This talk deals with the use of abstraction in two areas of automated reasoning: verification of programs, and decision procedures for logics.

Establishing that a program is correct is undecidable in general. Program-analysis and verification tools sidestep this tar-pit of undecidability by working on an abstraction of a program, which over-approximates the original program’s behavior. The theory underlying this approach is called abstract interpretation [1]. Abstract interpretation provides a way to obtain information about the possible states that a program reaches during execution, but without actually running the program on specific inputs. Instead, it explores the program’s behavior for all possible inputs, thereby accounting for all possible states that the program can reach.

Operationally, one can think of abstract interpretation as running the program “in the aggregate”. That is, rather than executing the program on ordinary states, the program is executed on abstract states, which are finite-sized descriptors that represent collections of states. For example, one can use abstract states that represent only the sign of a variable’s value: neg, zero, pos, or unknown. If the abstract state is [aneg, b → neg]), the product “ab” would be performed as “negneg”, yielding pos. This approximation discards information about the specific values of a and b: [a ☐→ neg, b ☐→ neg] represents all states in which a and b hold negative integers.

However, there is a glitch: abstract interpretation has a well-deserved reputation of being a kind of “black art”, and consequently difficult to work with.

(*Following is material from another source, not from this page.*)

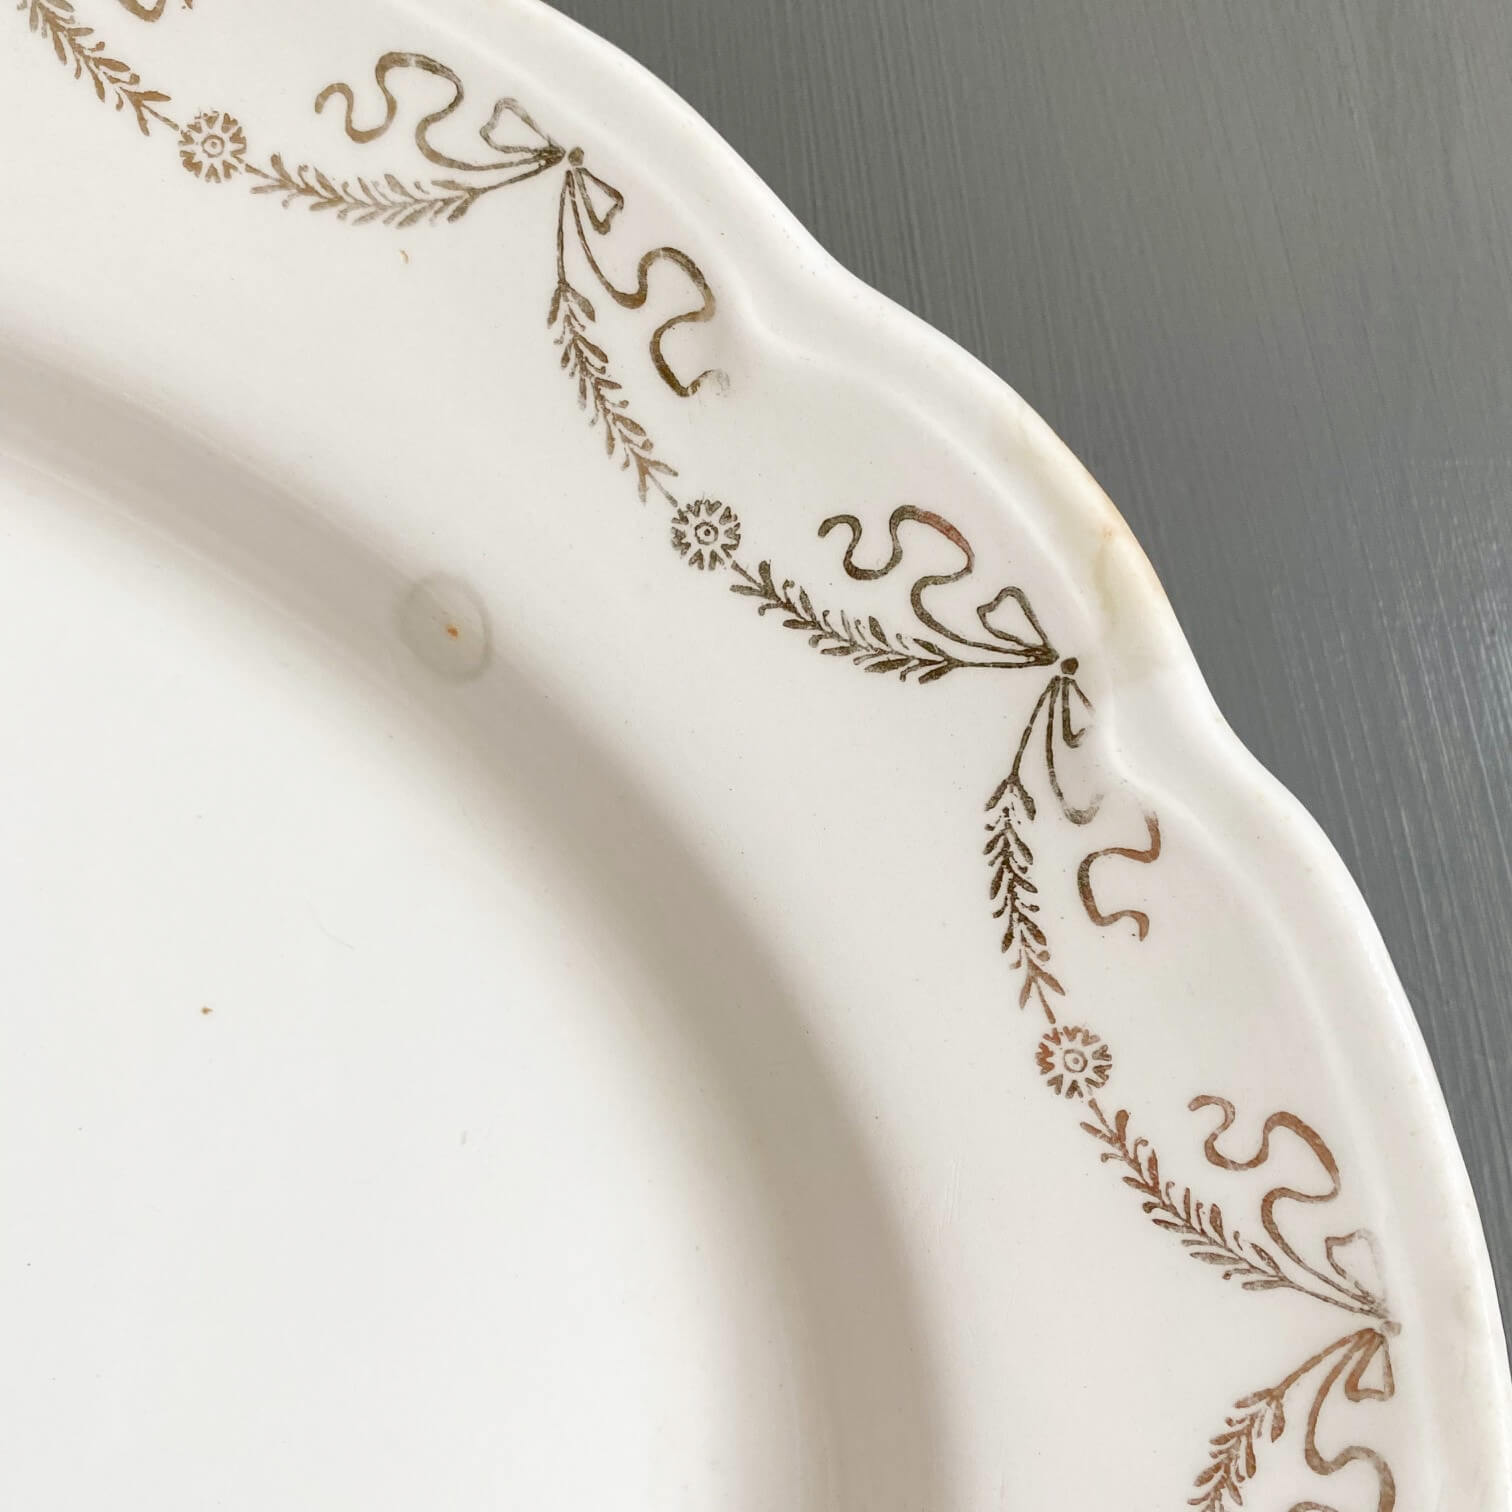 Antique Knowles Taylor Knowles Platter - Semi Vitreous Porcelain circa 1875-1885

The first part of this talk will describe a fifteen-year quest to raise the level of automation in abstract interpretation, by presenting three different approaches to creating correct-by-construction analyzers:

  1. The TVLA system [4] introduced a way to create abstractions of systems specified in first-order logic. Different analyses are defined using TVLA by varying the relation symbols of the logic, and, in particular, by varying which of the unary relations control how nodes are folded together. The specified set of relations determines the set of properties that will be tracked by the analyzer.
  2. The TSL system [2] provides a framework for creating correct-by-construction implementations of the state-transformation functions needed in tools that analyze machine code. From a single specification of the concrete semantics of a machine-code instruction set, TSL automatically generates state-transformation functions needed for static analysis, dynamic analysis, symbolic analysis, or any combination of the three.
  3. Our recent work on symbolic methods for abstract interpretation [6] aims to bridge the gap between (i) the use of logic for specifying program semantics and program correctness, and (ii) abstract interpretation. Many of the issues can be reduced to the problem of symbolic abstraction:

Given a formula φ in some logic, and an abstract domain A, find the most-precise descriptor a in A that over-approximates the meaning of φ.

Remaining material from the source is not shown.